MATERIAL PROVIDED |
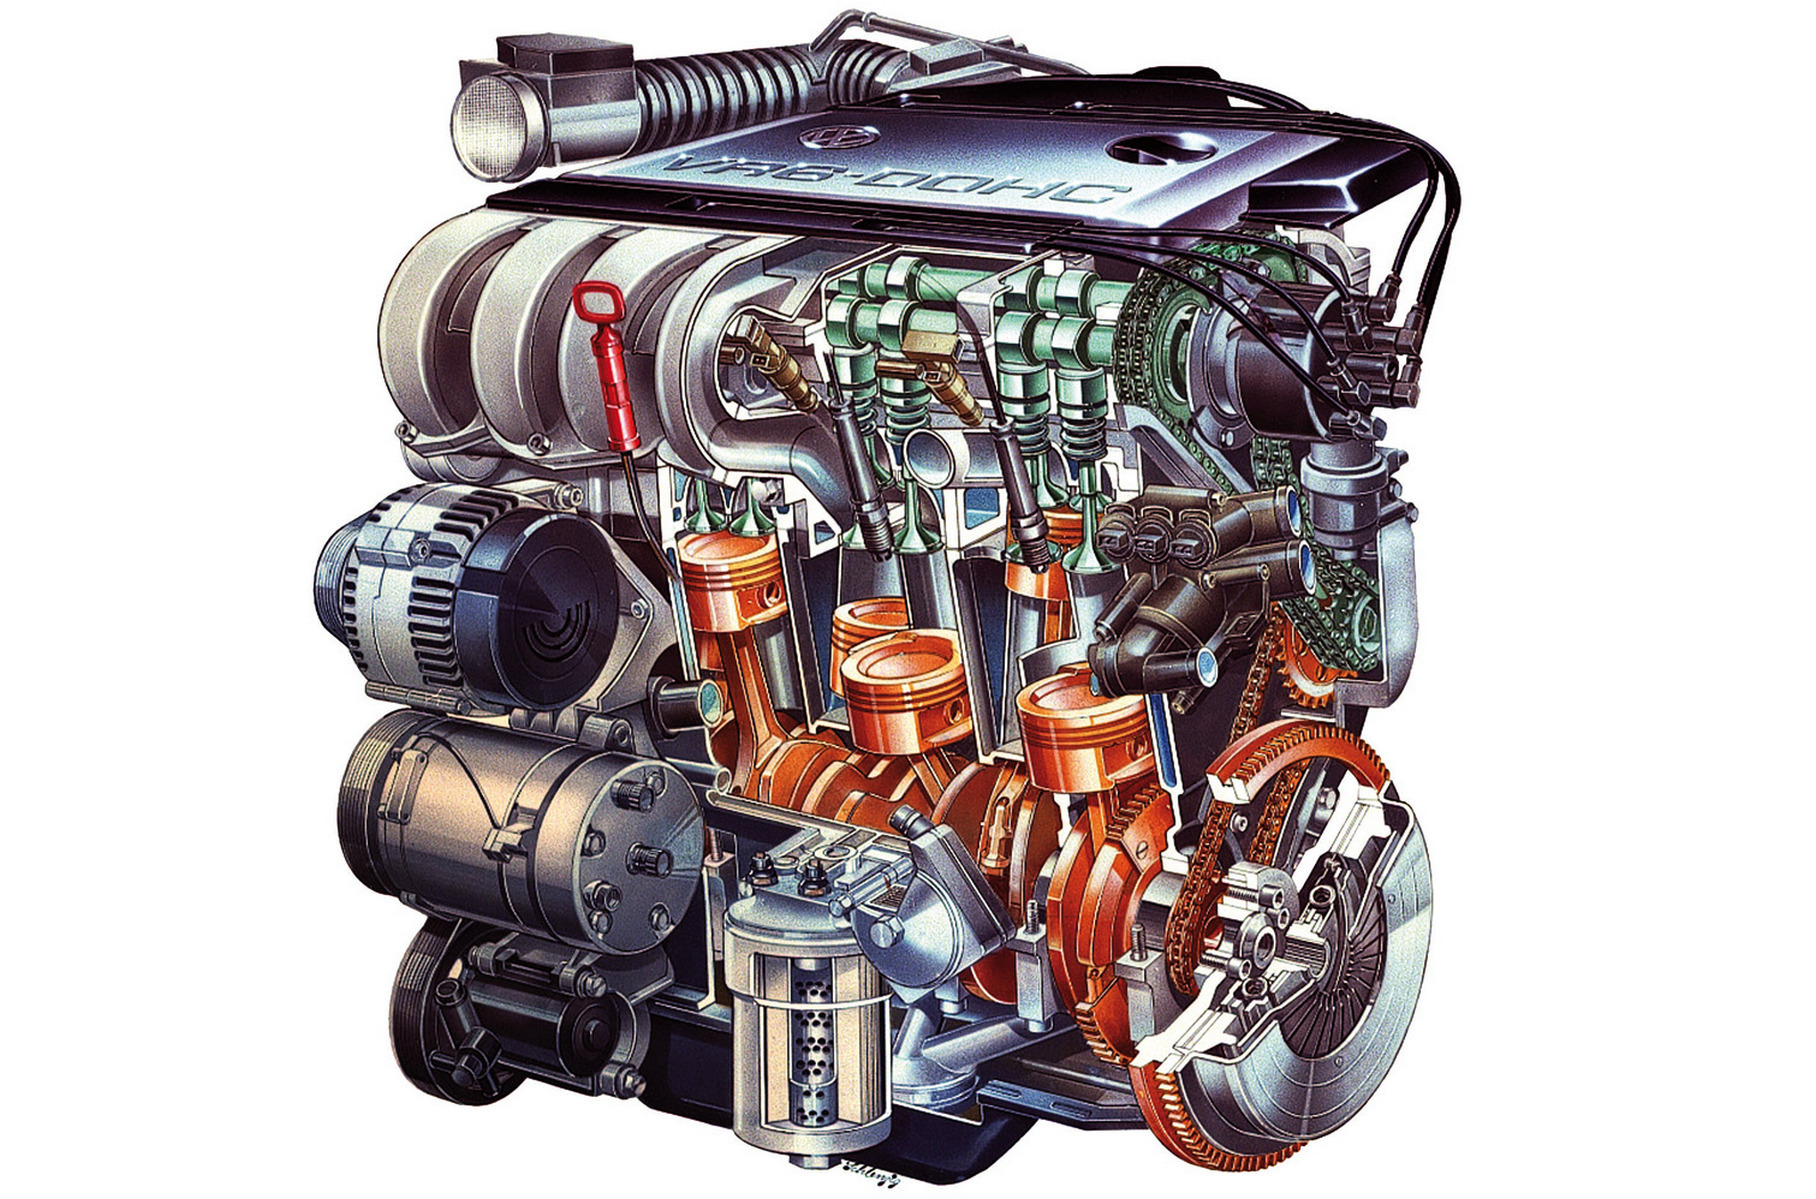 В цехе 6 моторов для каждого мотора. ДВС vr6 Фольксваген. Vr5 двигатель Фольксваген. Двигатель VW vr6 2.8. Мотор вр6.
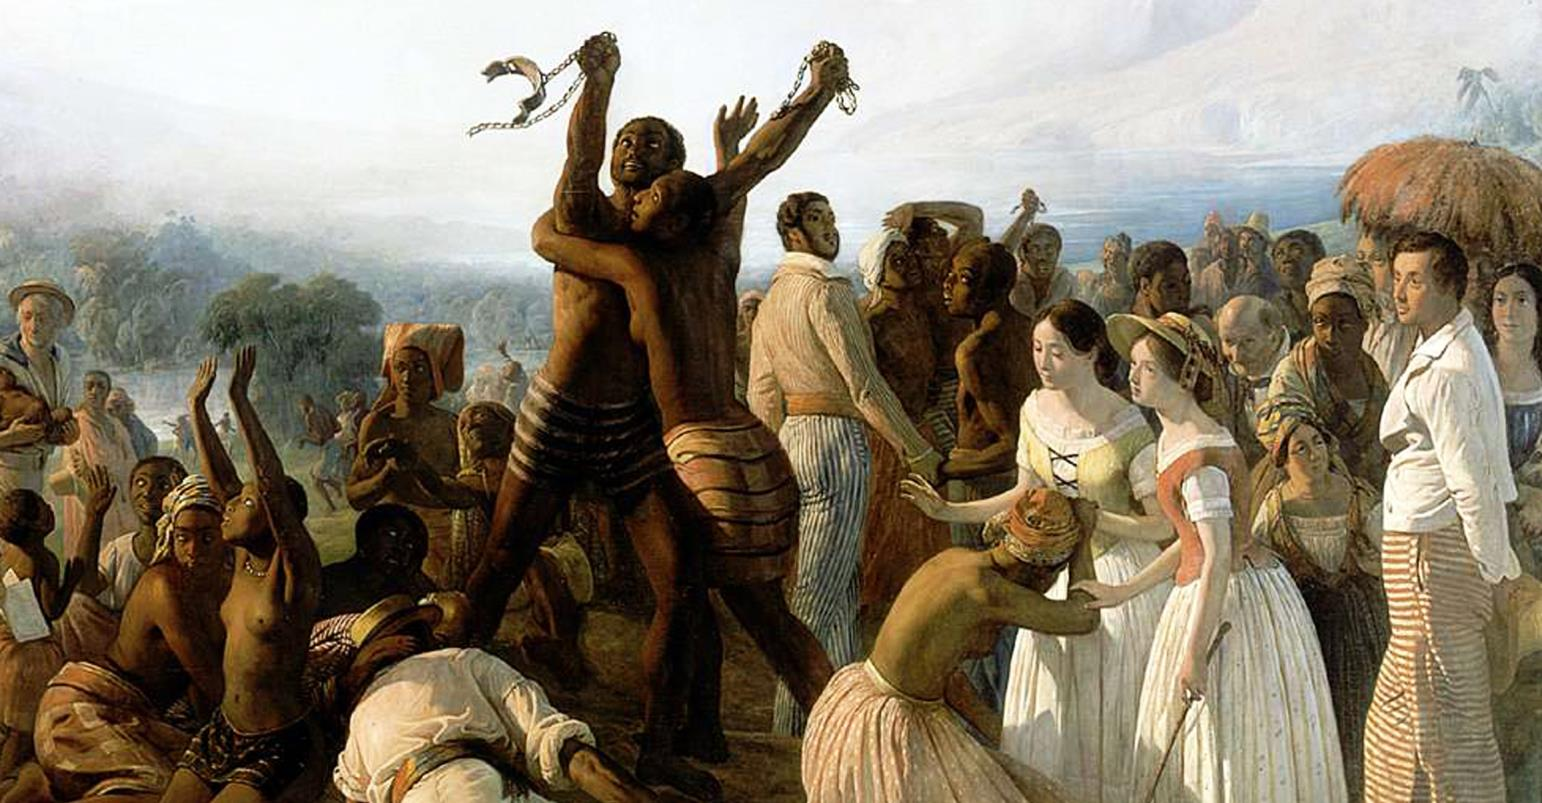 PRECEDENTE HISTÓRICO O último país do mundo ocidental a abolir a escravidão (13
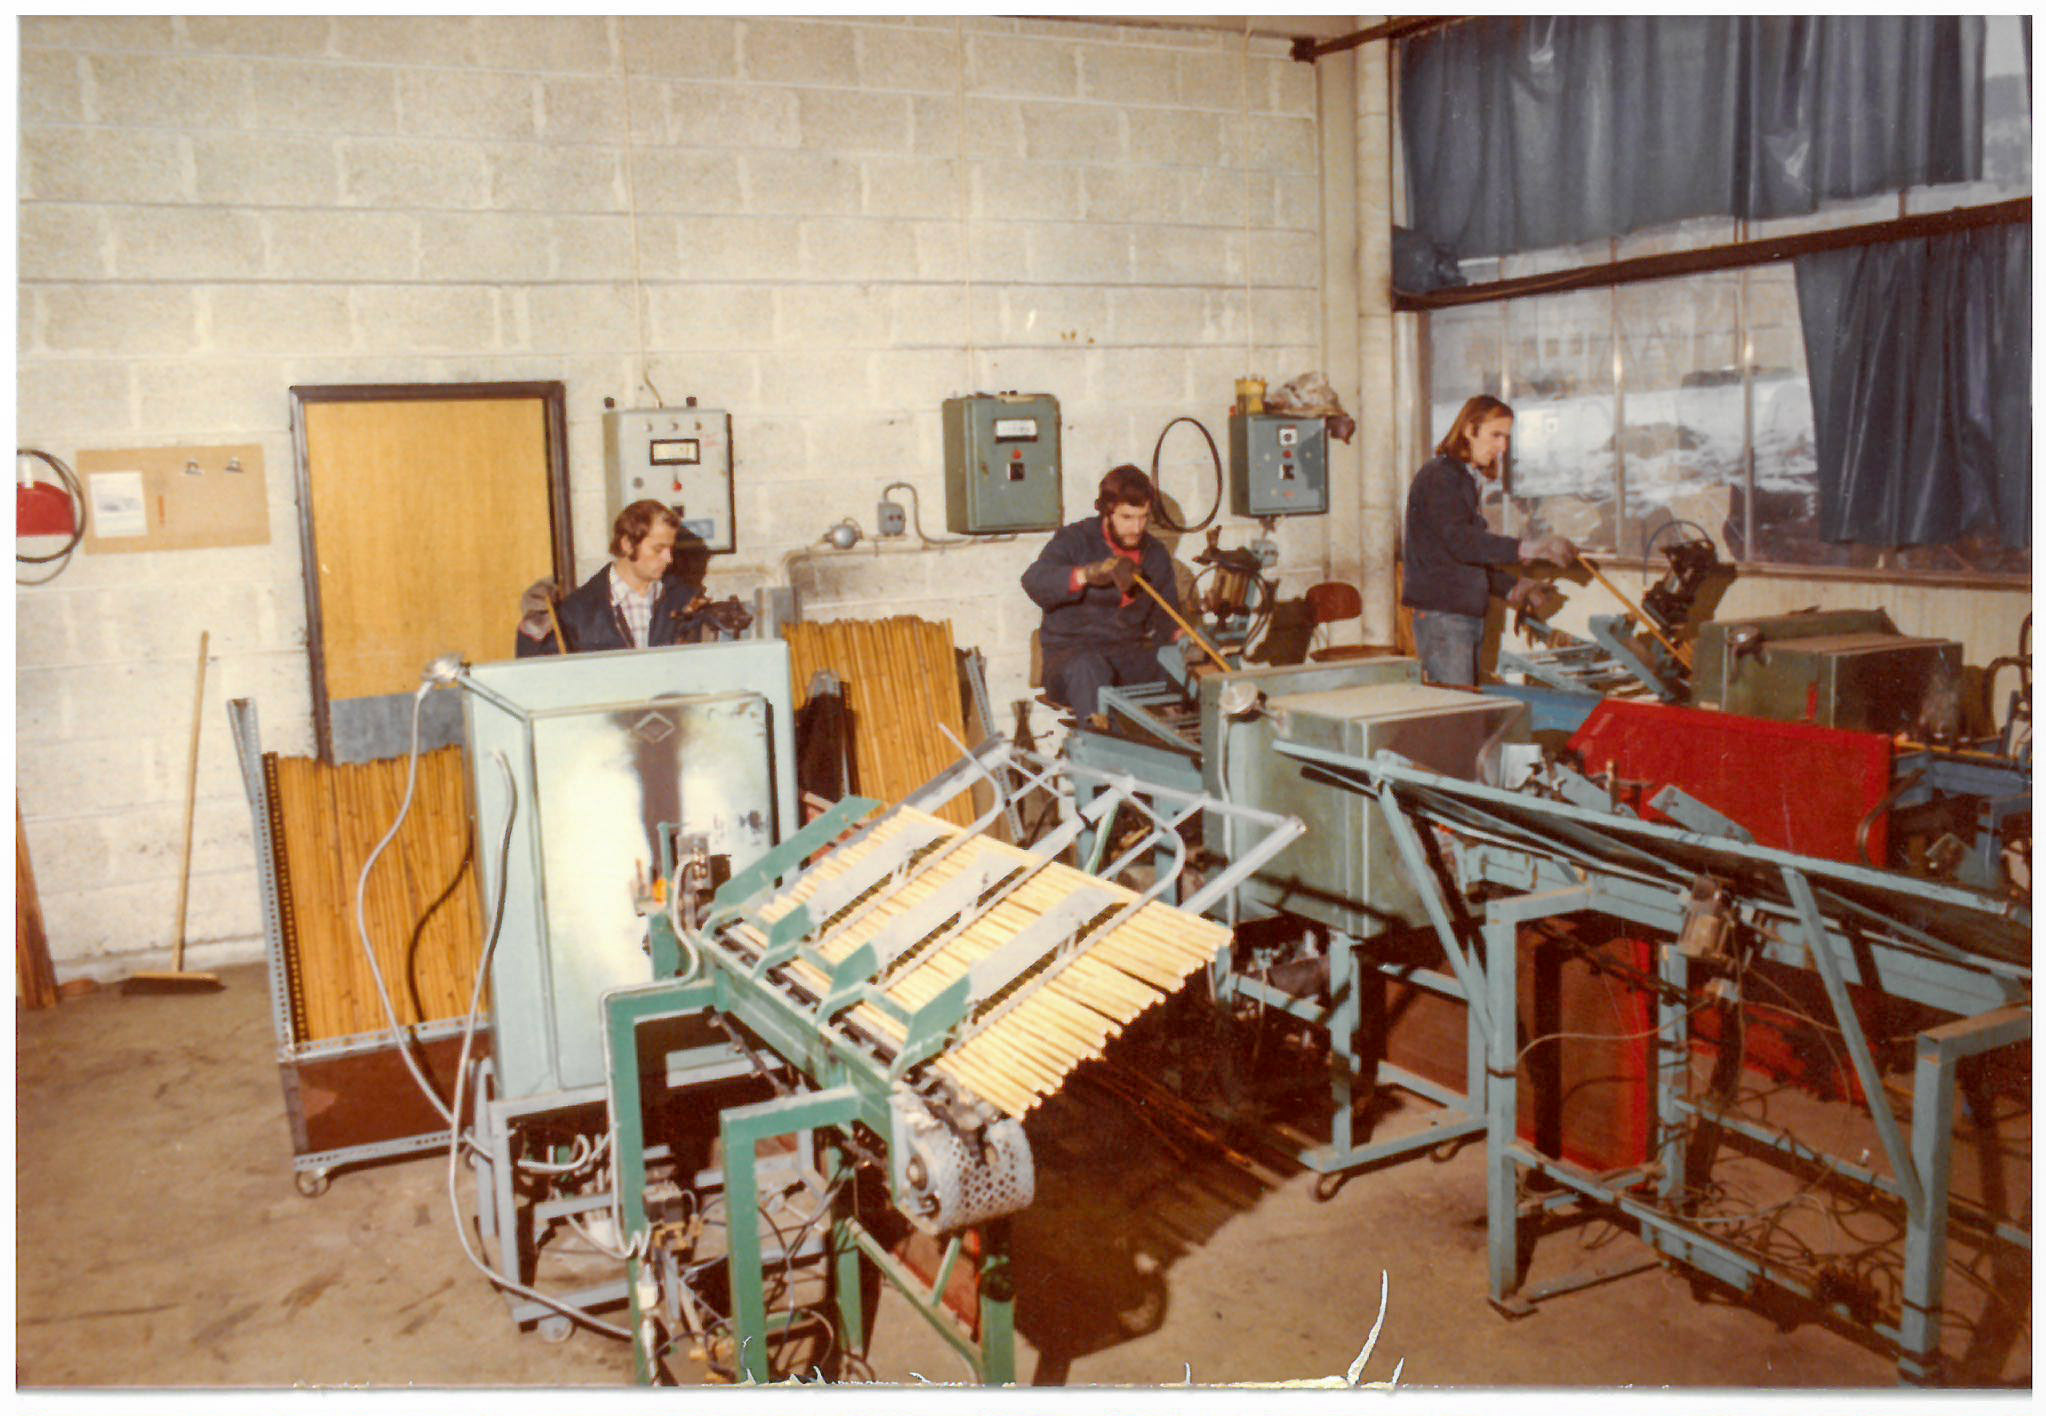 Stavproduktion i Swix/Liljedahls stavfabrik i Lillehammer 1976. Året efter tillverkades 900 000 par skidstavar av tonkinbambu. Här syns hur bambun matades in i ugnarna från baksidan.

THE TASK |
Copy the final stretch of lines, starting at the one that holds "PRECEDENTE HISTÓRICO O" and ending at the last line of the data, exactly; omit pictures.

ANSWER TO THIS EXERCISE |
 PRECEDENTE HISTÓRICO O último país do mundo ocidental a abolir a escravidão (13
 Stavproduktion i Swix/Liljedahls stavfabrik i Lillehammer 1976. Året efter tillverkades 900 000 par skidstavar av tonkinbambu. Här syns hur bambun matades in i ugnarna från baksidan.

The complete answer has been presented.